## WORK TO BE COMPLETED
Only the text belongs in the copy. Transcribe the data exactly and drop any pictures.
-- GIVEN INFORMATION follows --
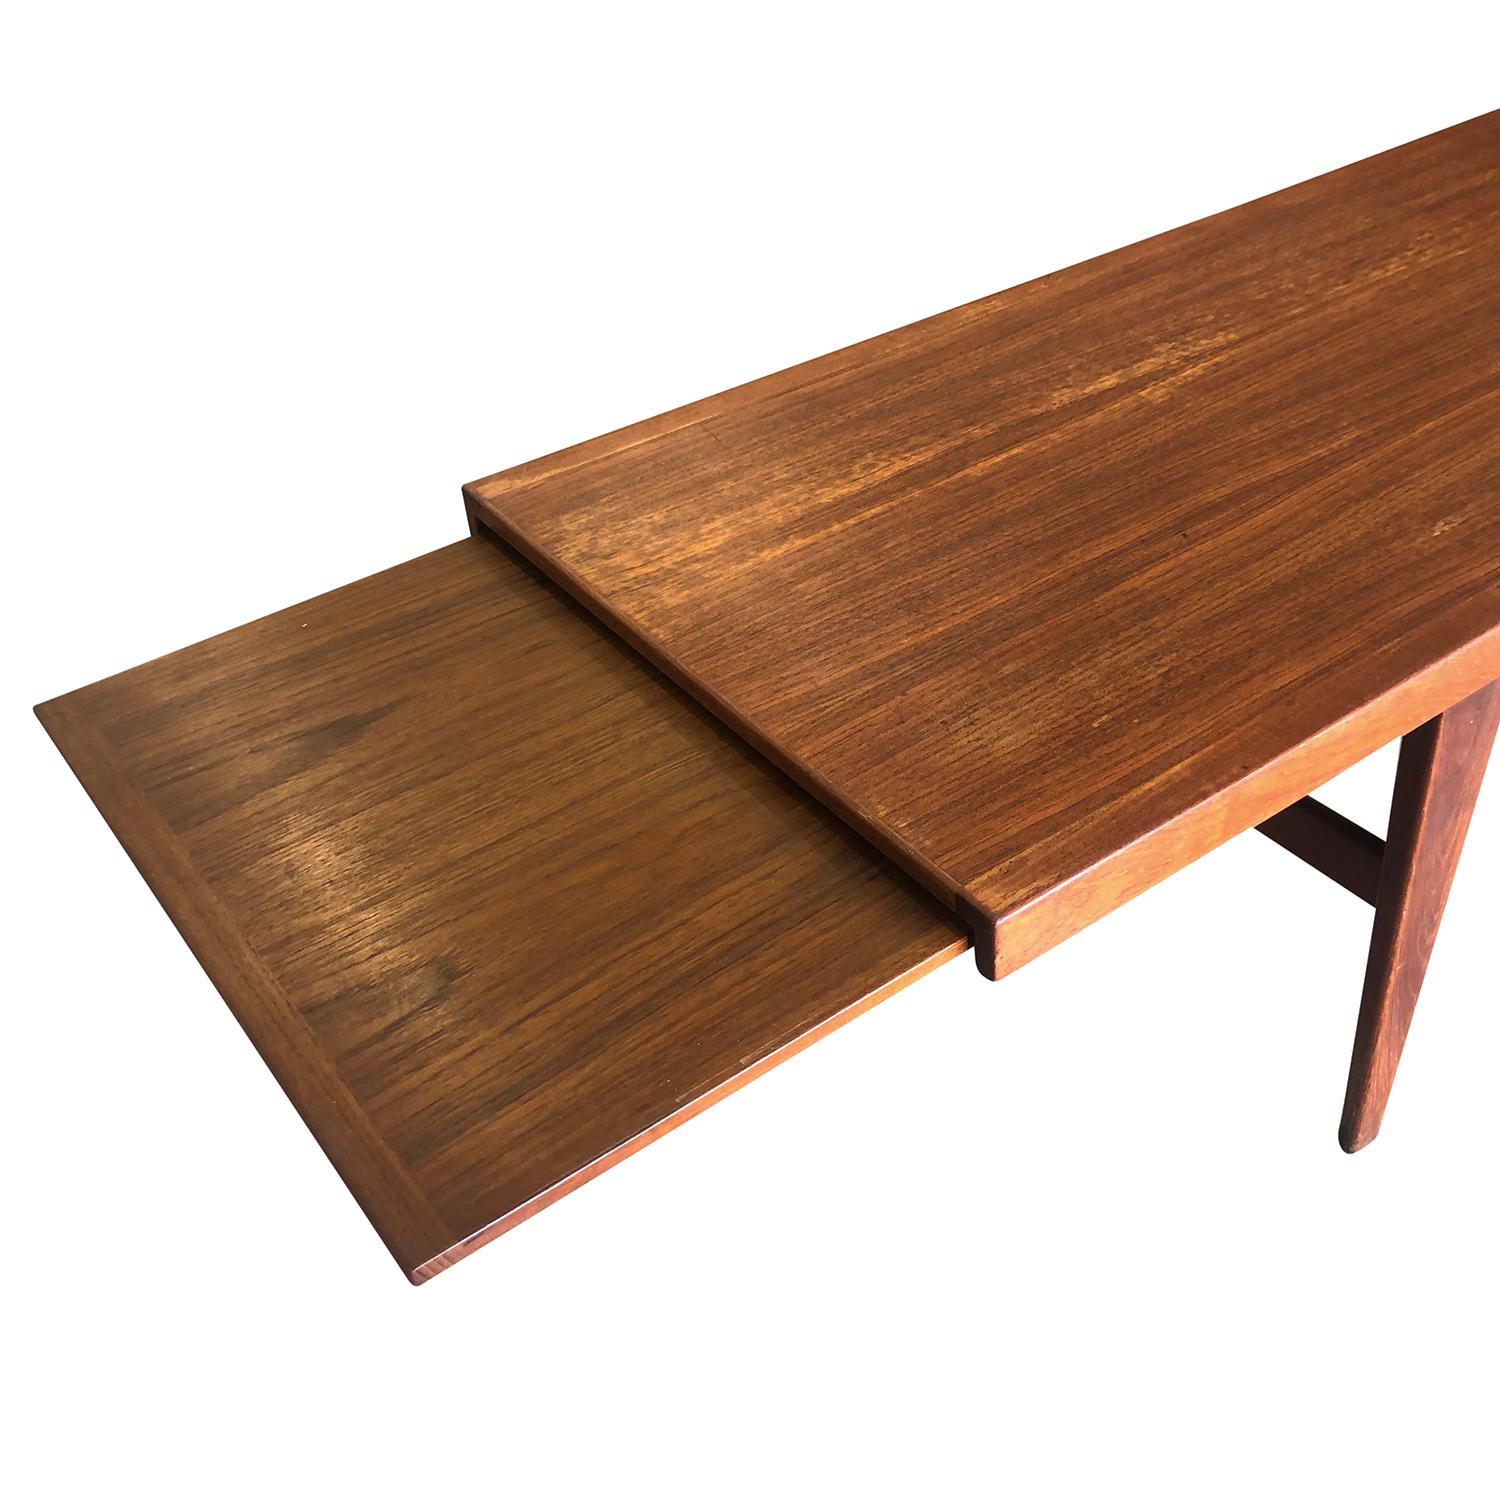 20th Century Danish Teak Coffee Table - Large Vintage Scandinavian Side Table For Sale 1
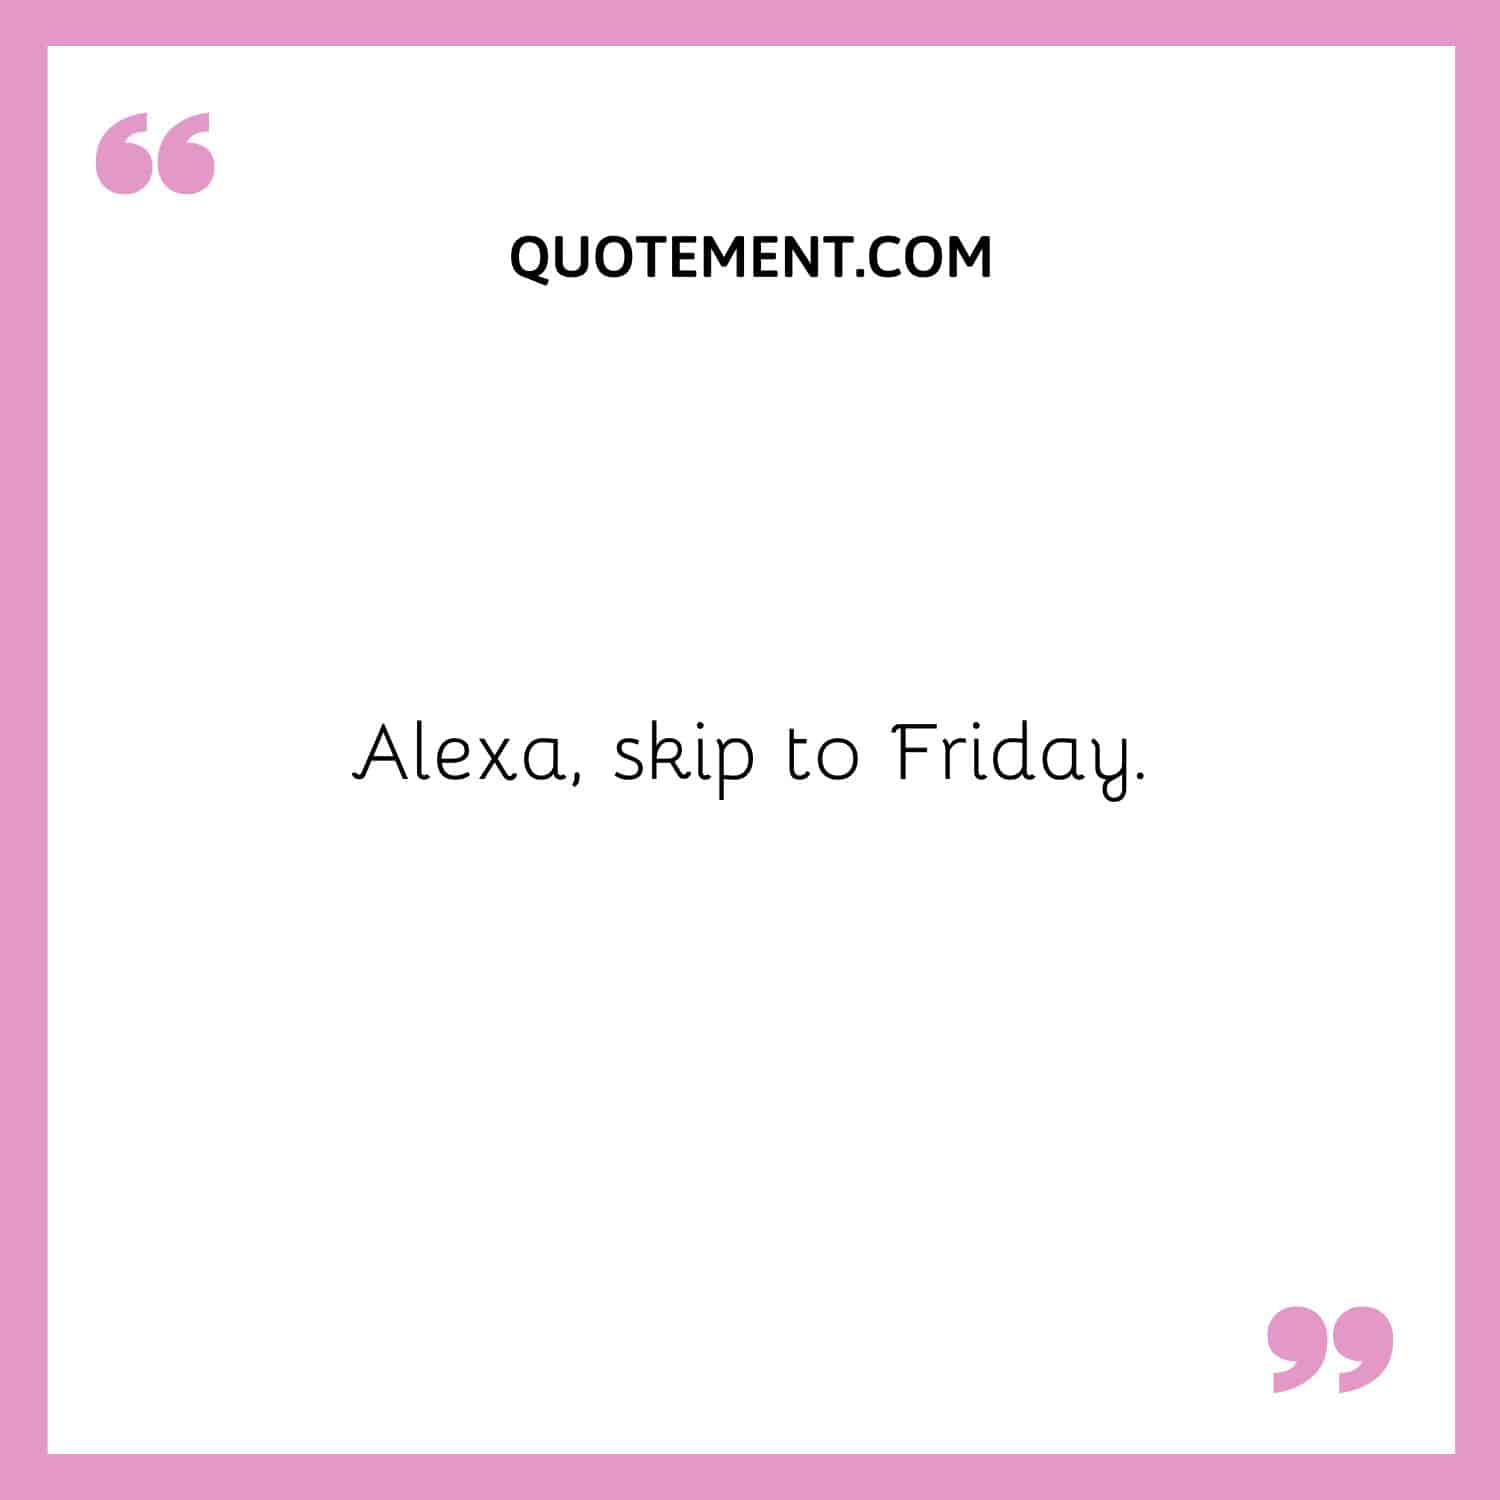 Alexa, skip to Friday.
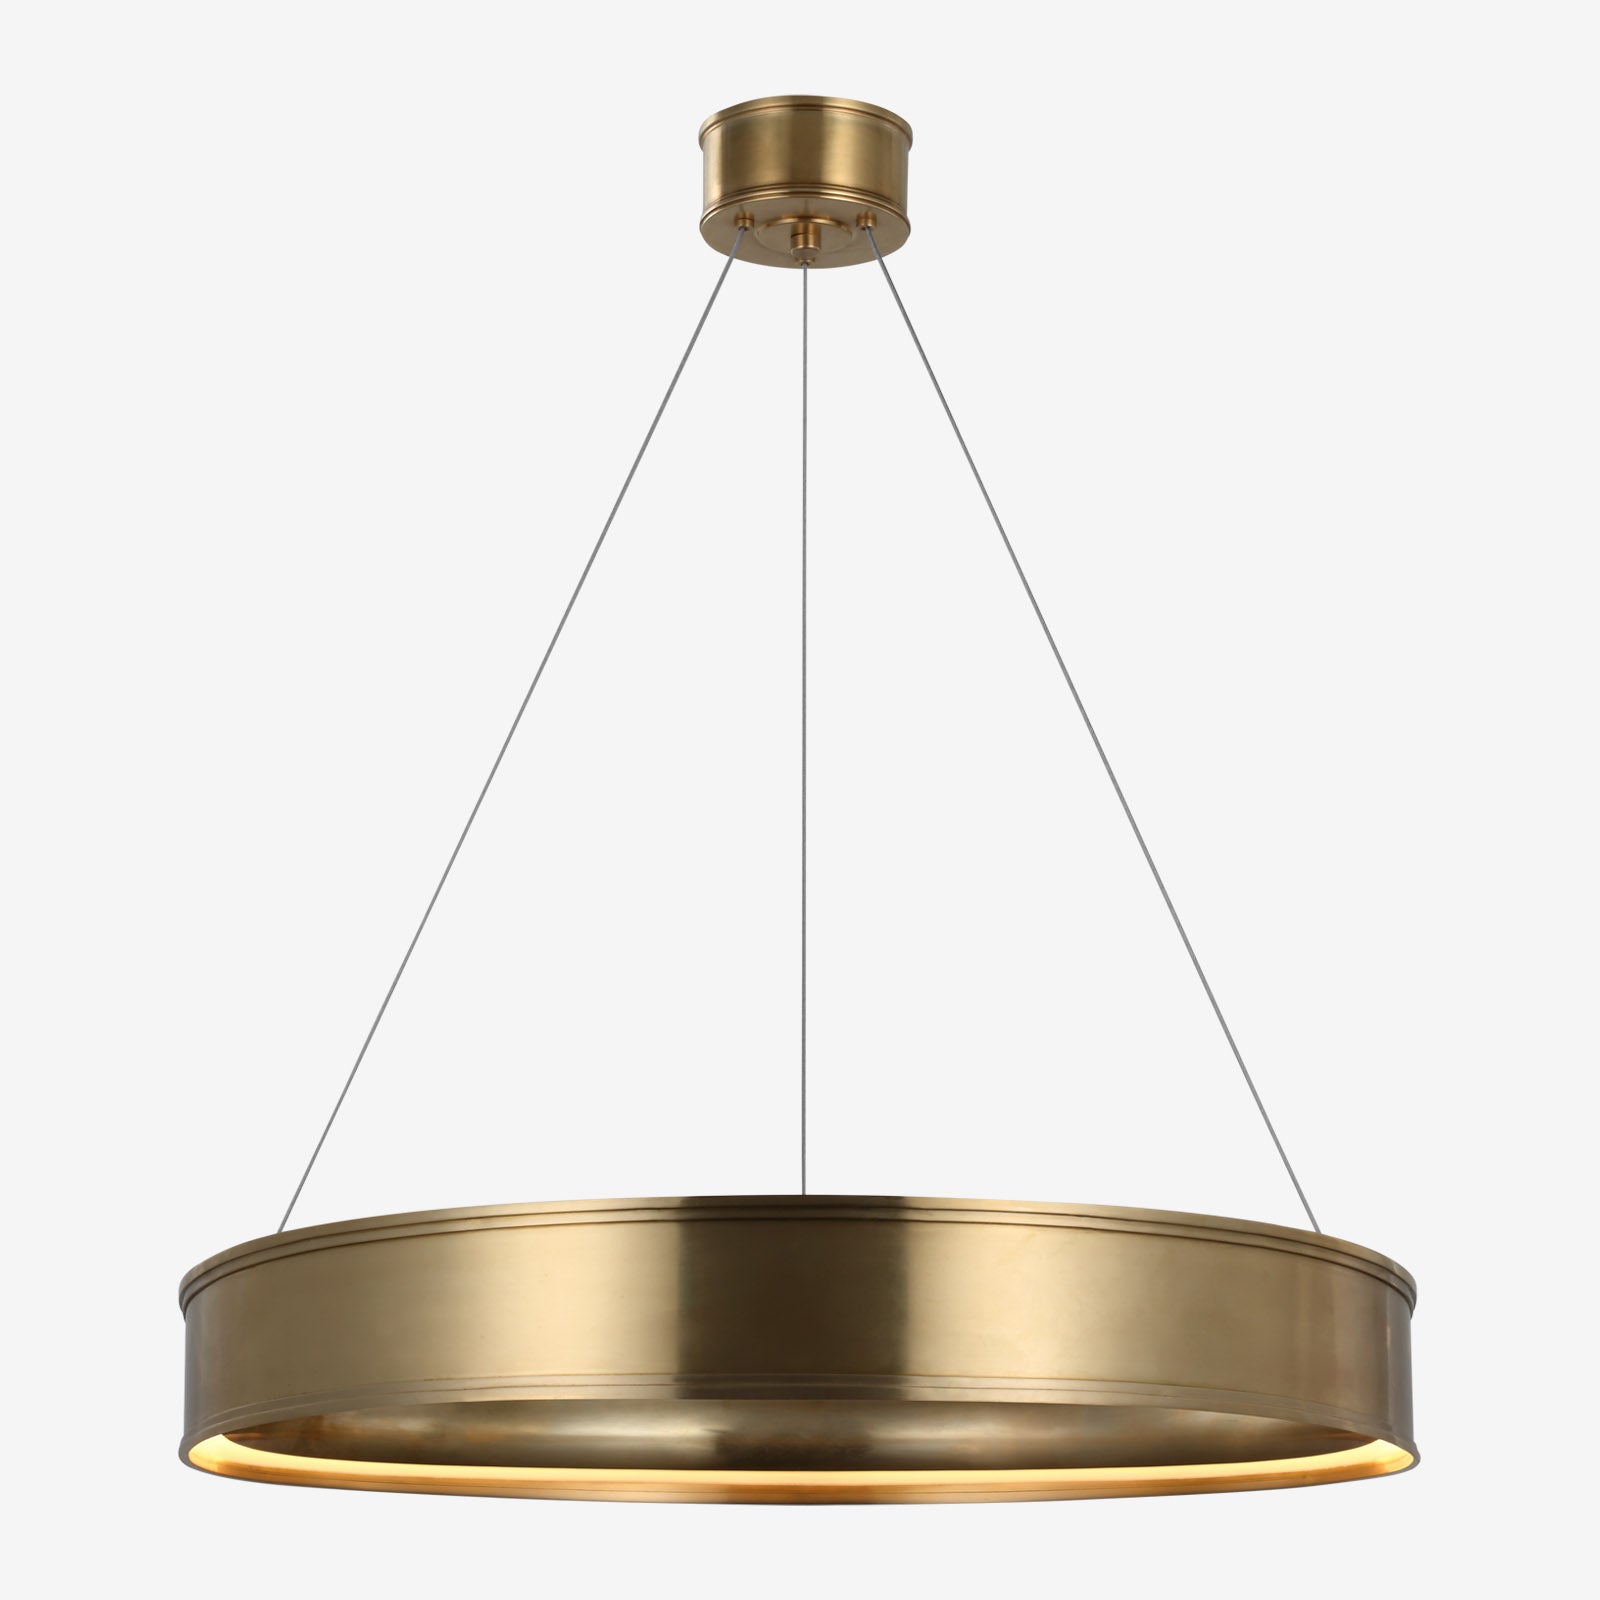 Ring chandelier, 80cm, 24K gold plated
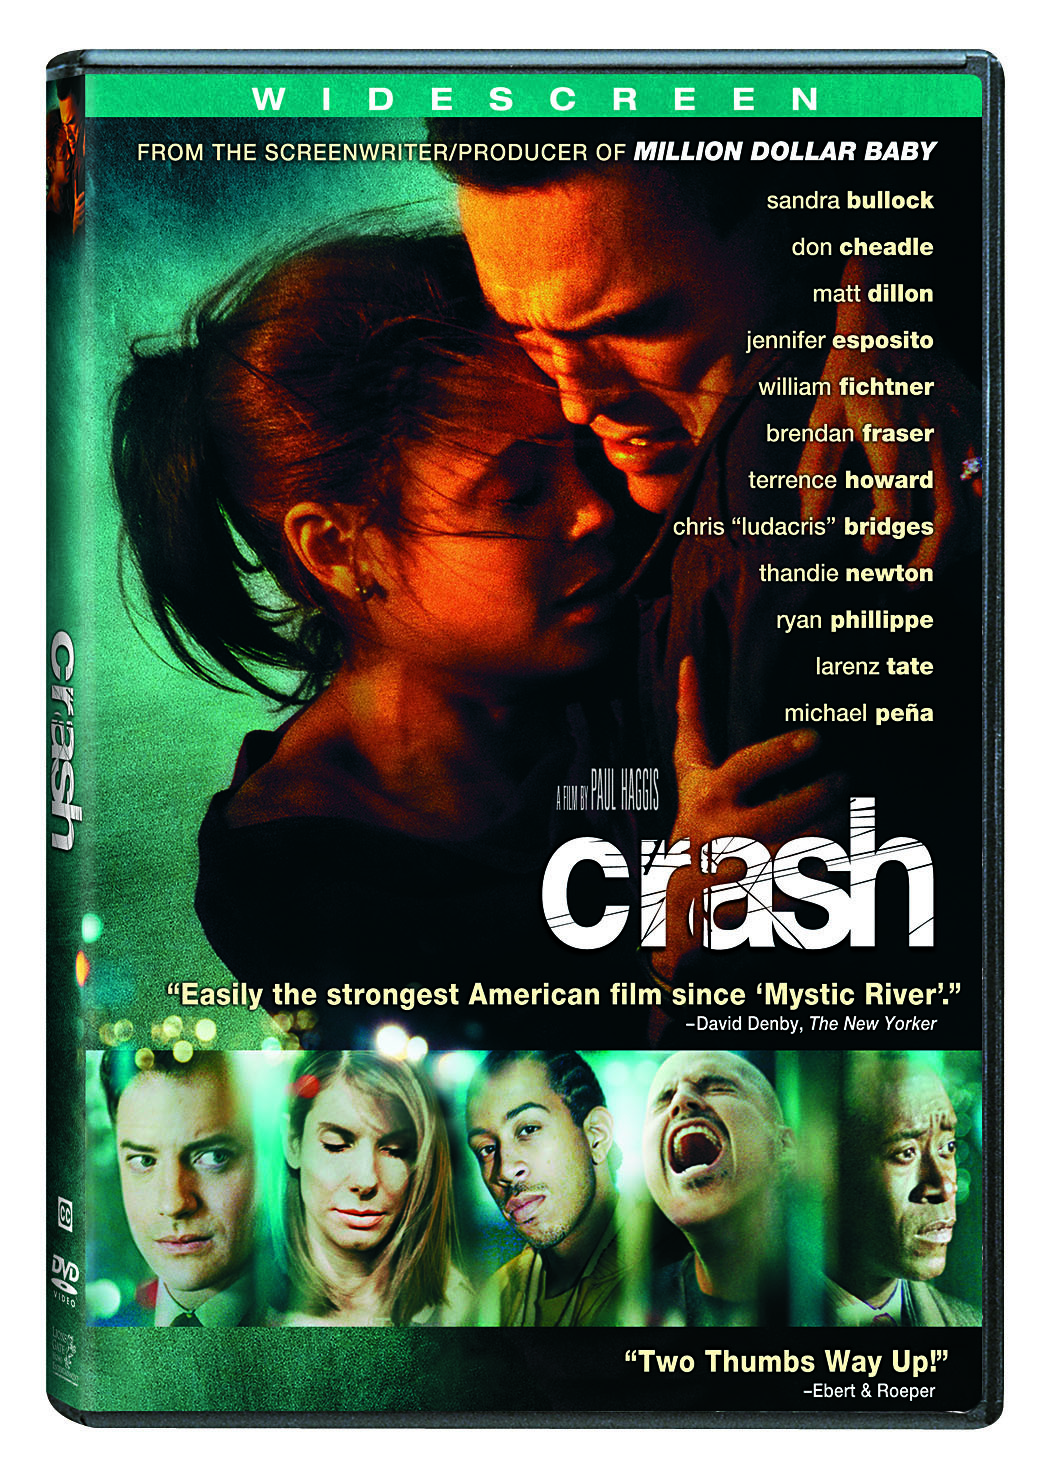 Crash (DVD Widescreen) - DVD [ 2004 ]  - Drama Movies On DVD - Movies On GRUV
-- GIVEN INFORMATION concluded --
## SOLVED PROBLEM
 20th Century Danish Teak Coffee Table - Large Vintage Scandinavian Side Table For Sale 1
 Alexa, skip to Friday.
 Ring chandelier, 80cm, 24K gold plated
 Crash (DVD Widescreen) - DVD [ 2004 ]  - Drama Movies On DVD - Movies On GRUV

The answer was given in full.